I realise that s boxes are able to make the transformations done in AES non-linear. However I am unsure how this makes AES secure. For instance if we had no s box then it is possible to calculate the key from a set of linear equations:

$C^1=Ax+k$

$C^2=AC^1+k$

...

$y=AC^n+k$

Where A is the linear transformation, k is the key, C as the intermediate ciphertexts, n as the number of rounds of encryption, x as the input and y as final output. However, if we add an S box, then would it not be possible to represent the substitution that it performs as a function of x, f(x), so that now we have:

$C^1=Af(x)+k$

$C^2=Af(C^1)+k$

...

$y=Af(C^n)+k$

Which to me appears to also fall prey to Gaussian elimination(via substituting each equation into the function of the next), although such a function for the substitution that occurs in s boxes may be extremely complicated to derive. Provided we are given a few x values that undergo encryption using the same key, and that the s boxes are publicly known we ought to be able to calculate the key. I realise that in reality this cannot happen otherwise AES would not be used at all, so I would be very grateful for any help in identifying where I have gone wrong/how the S boxes would interfere to prevent such method occurring :)

Answer 1

If I understood correctly, you suggest to treat intermediate values $C^i$ as variables.
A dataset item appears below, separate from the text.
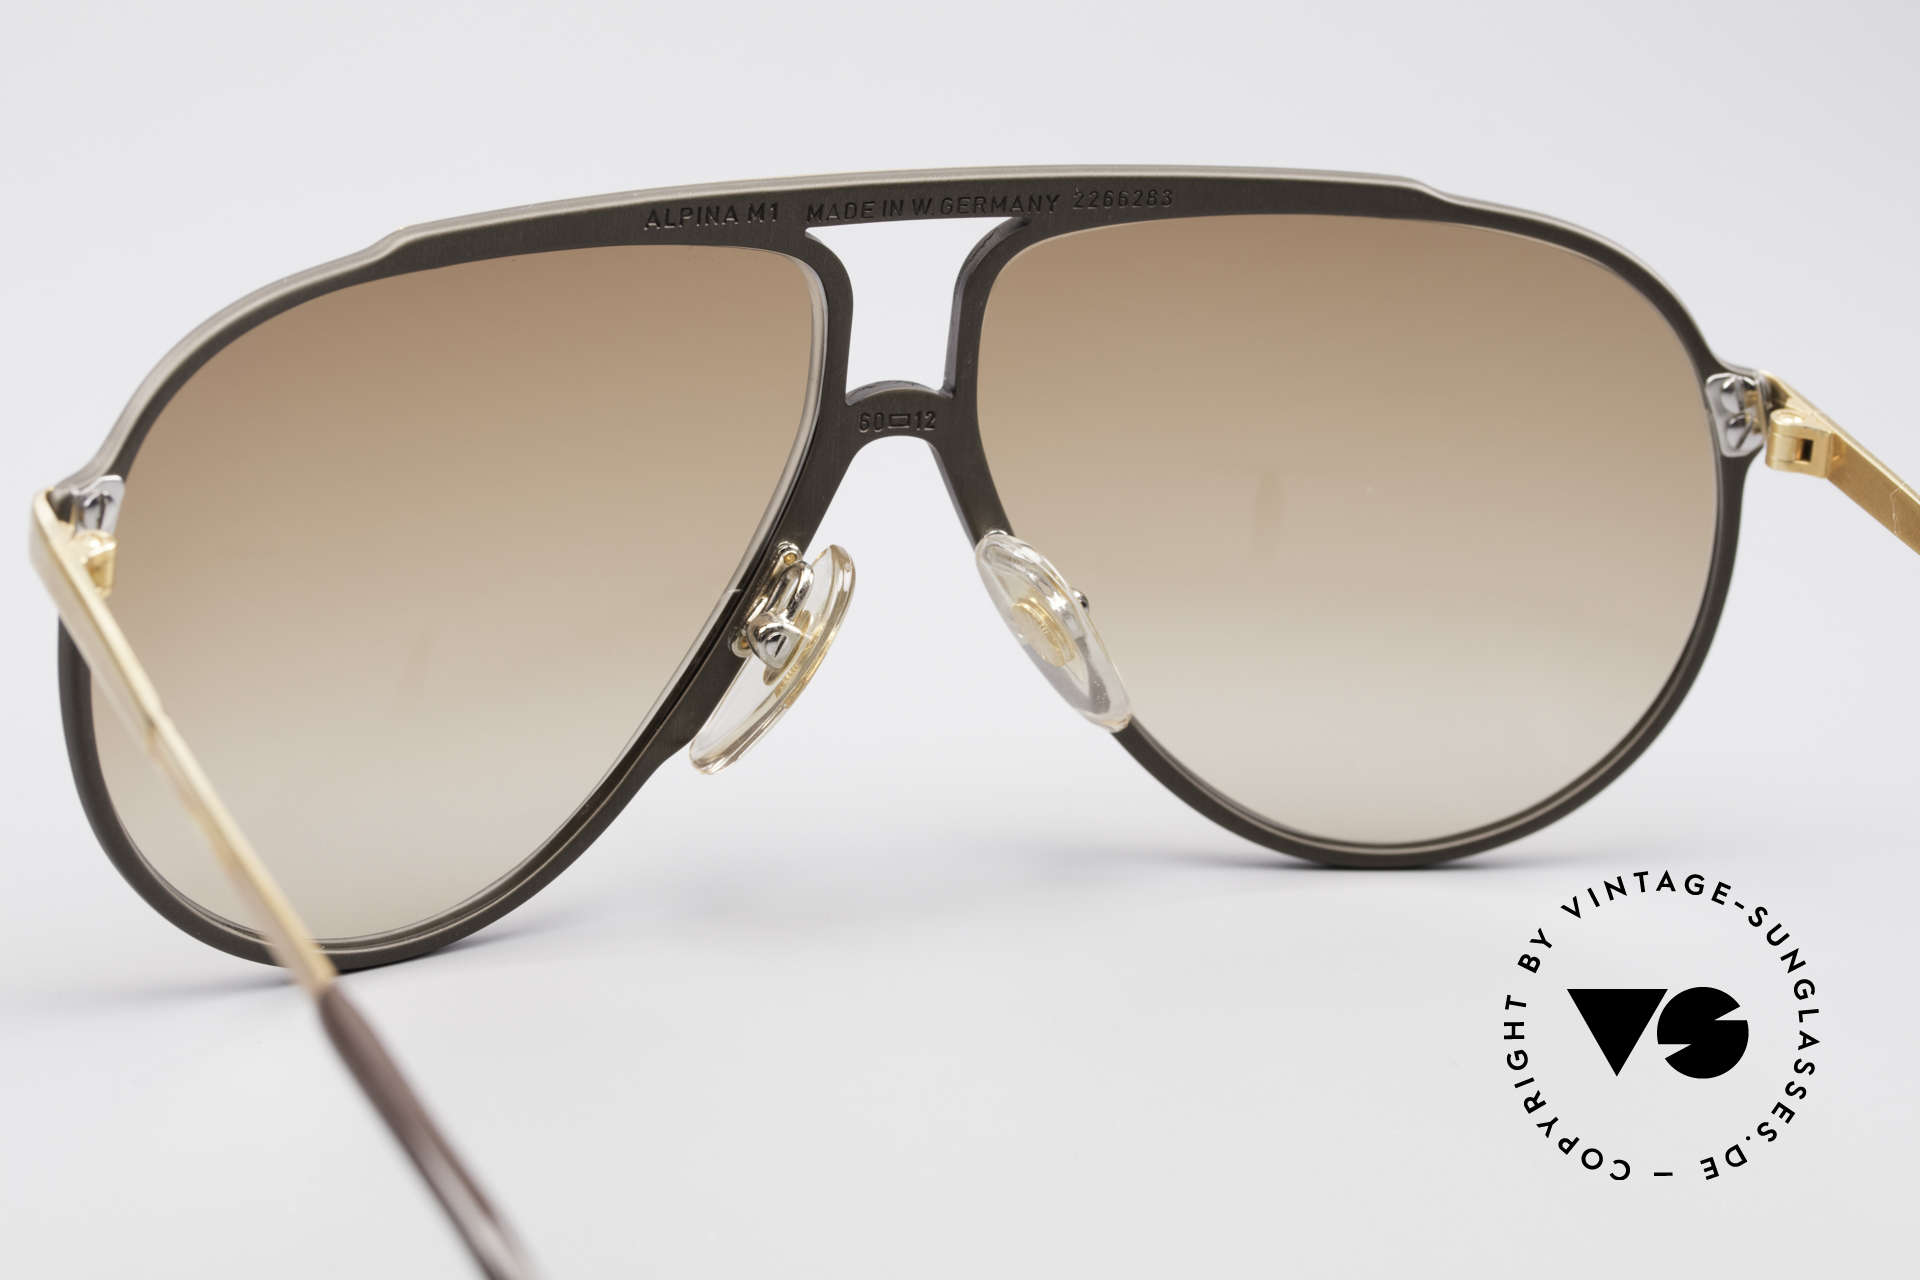 Alpina M1 West Germany Sonnenbrille, ungetragenes Sammlerstück mit Etui von Versace, Passend für Herren und Damen

The problem is that $f(C^i)$ is nonlinear and contains more monomials than the 128 variables (since nonlinearity comes from the S-box, the number of monomials is at most $256\times16$). Therefore, it is not possible to eliminate it using the equation $C^i = ...$, and $C^i$ is not used anywhere else. Note that if you add more plaintext/ciphertext values, the variables $C^i$ are not the same, so you can not use another pair to eliminate those extra monomials. Instead, more variables are added.

Note that the S-box has a weakness in that there exist quadratic equations (over $GF(2)$) connecting its input and output (instead of direct degree-7 equations of the S-box), which simplifies the system a lot. However, still, nobody managed to show a way to solve such or similar system faster than the AES key bruteforce.

For the record, the source of the quadratic equations is that the S-box is affine-equivalent to the $GF(256)$ inverse function $y=x^{254}$. We have $yx^2=x^{256}=x$ and so $yx^2-x=0$, which is quadratic over $GF(2)$ (splits into 8 equations).